Because of AA’s seniority-based system, trip sequences are assigned to more senior ‘line holders’, while junior flight attendants are placed on reserve. Junior flight attendants are finding themselves stuck with constant reserve duties, while line holders are being forced to work more hours.

“Our concerns and logical arguments fall on deaf ears, especially with the allocations department,” the union told flight attendants in a recent memo.

“Blatantly ignoring APFA’s input every month, the allocations department continues to build sequences that cannot withstand weather and air traffic delays”.

American Airlines says, however, that its on-time arrival rate and flight completion factor for the second quarter of 2022 were actually better than the same period in 2019. The airline has also claims it is managing to run “a reliable operation in very challenging conditions”.

The aviation industry has blamed severe weather and air traffic controls for many of its woes this summer but staffing shortages have also been a contributing factor, especially when airlines have struggled to quickly recover their operation after a period of disruption.

American Airlines has been contacted for comment.

View Comments (4)
    • what goes around comes around

      when you care for workers, they care for customers
      when you don’t, they won’t simple as that

  • Even a stopped clock is right twice a day! And the union is right on poorly constructed trips for crew. Before computers hyper-automated crew scheduling trying to squeeze an extra minute or two of flight attendant or pilot time per day, crews tended to be on the same plane as they traversed a hub. Not so anymore.

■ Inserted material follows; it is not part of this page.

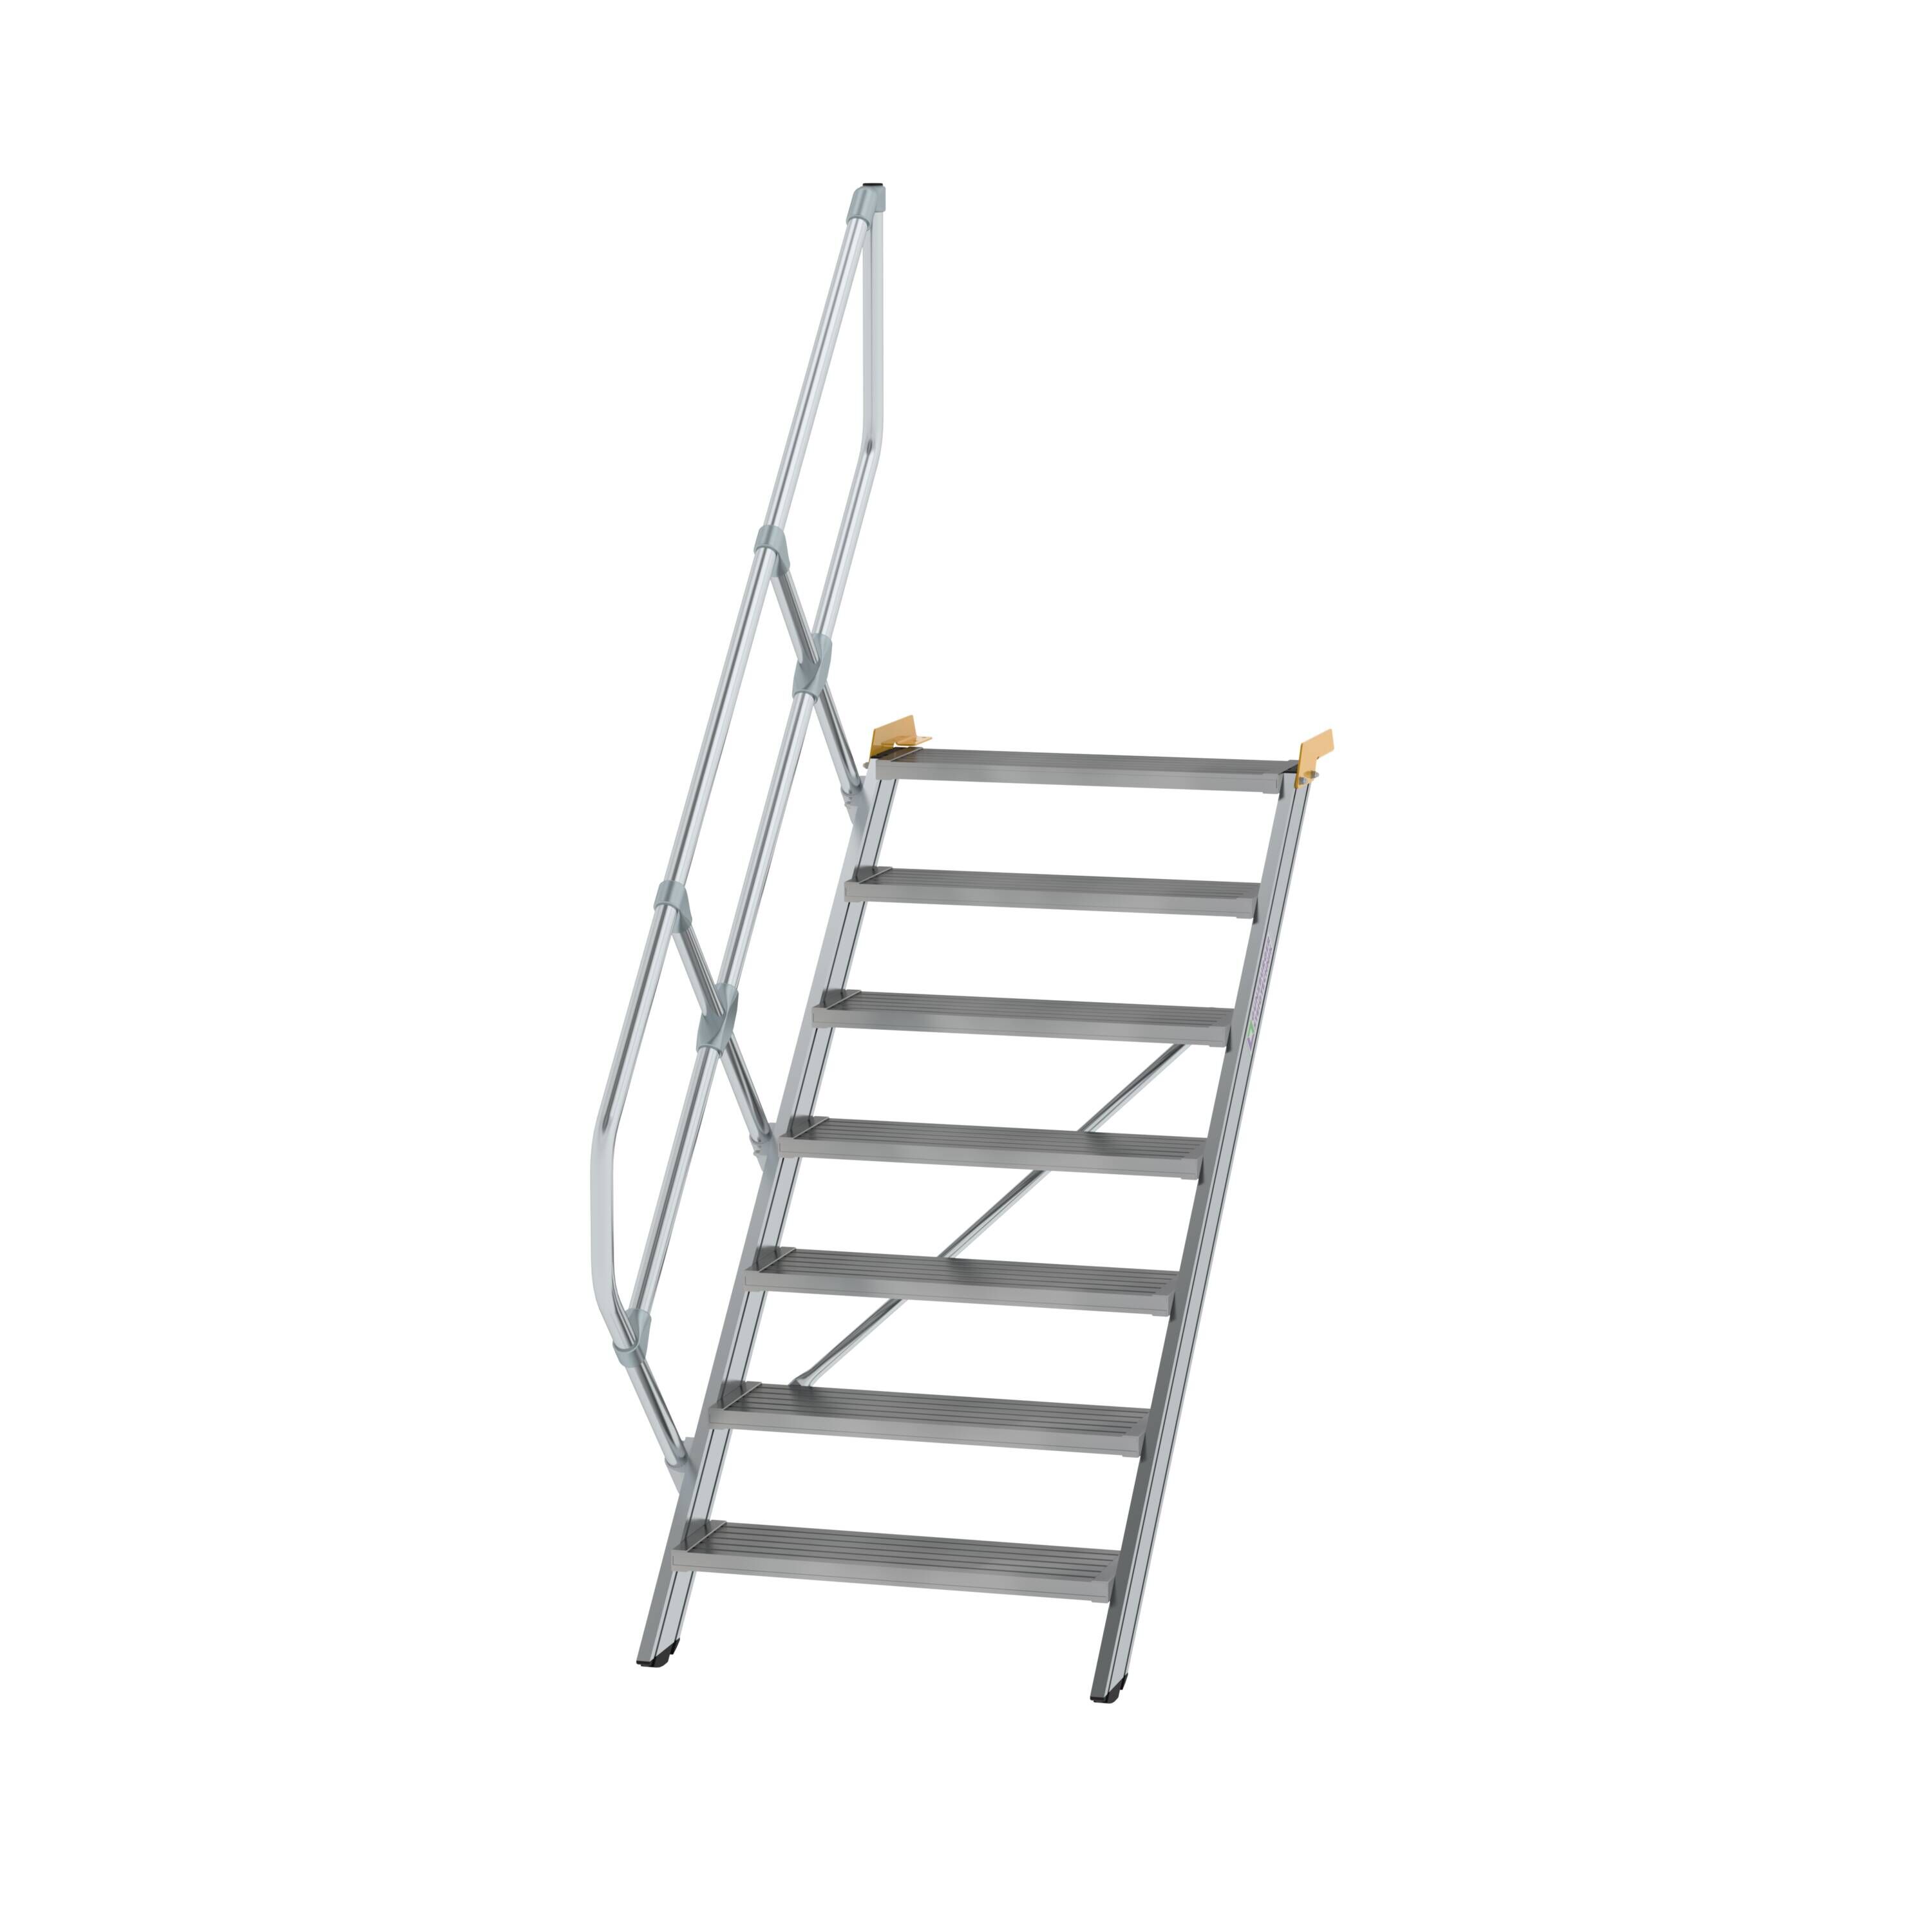 Treppe 45° Stufenbreite 800 mm 7 Stufen Aluminium geriffelt

    A weather event creates cascading problems that can last days. A plane at the gate, can’t leave because it lacks crew. The crew is on another plane that can’t get to a gate because all gates are full waiting for crew. When the mess is untangled, all the crew are now illegal on hours. So the flights are all cancelled and the crew are now not where they’re supposed to be leading to more cancellations. They used to cancel a few flights and reallocate legal crew. But they can’t do that now either.

    They COULD build schedules that were more resilient and didn’t require perfect operations. They choose not to.